▶ **What you will do**: Below is a listing from which only part is wanted; return exactly the lines from the one with "designer cushion covers, buy" up to and including the one with "This has been".

▶ **Provided data**:

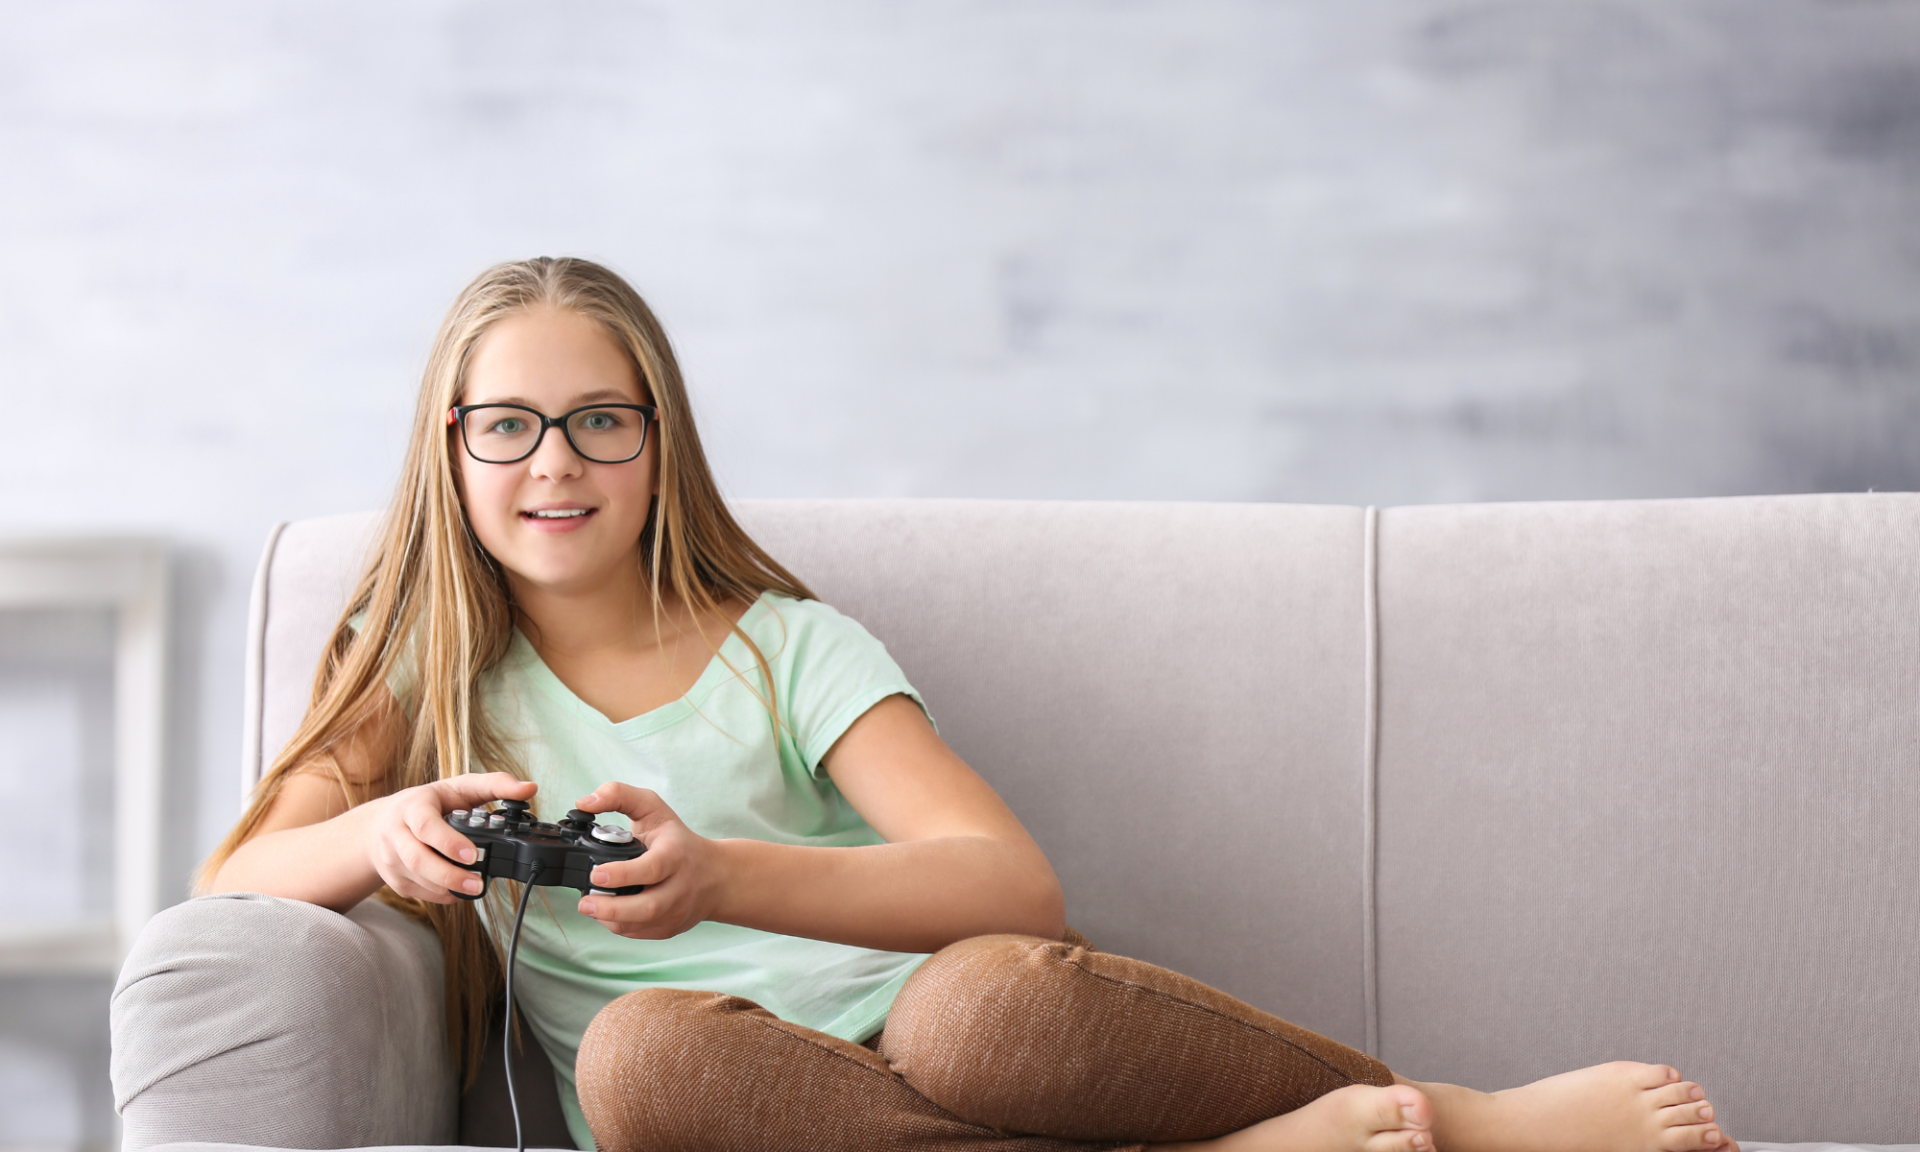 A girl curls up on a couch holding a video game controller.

* * *

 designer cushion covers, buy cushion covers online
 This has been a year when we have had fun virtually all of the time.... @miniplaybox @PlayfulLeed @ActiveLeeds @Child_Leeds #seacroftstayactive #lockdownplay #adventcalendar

▶ **Result of this task**:
 designer cushion covers, buy cushion covers online
 This has been a year when we have had fun virtually all of the time.... @miniplaybox @PlayfulLeed @ActiveLeeds @Child_Leeds #seacroftstayactive #lockdownplay #adventcalendar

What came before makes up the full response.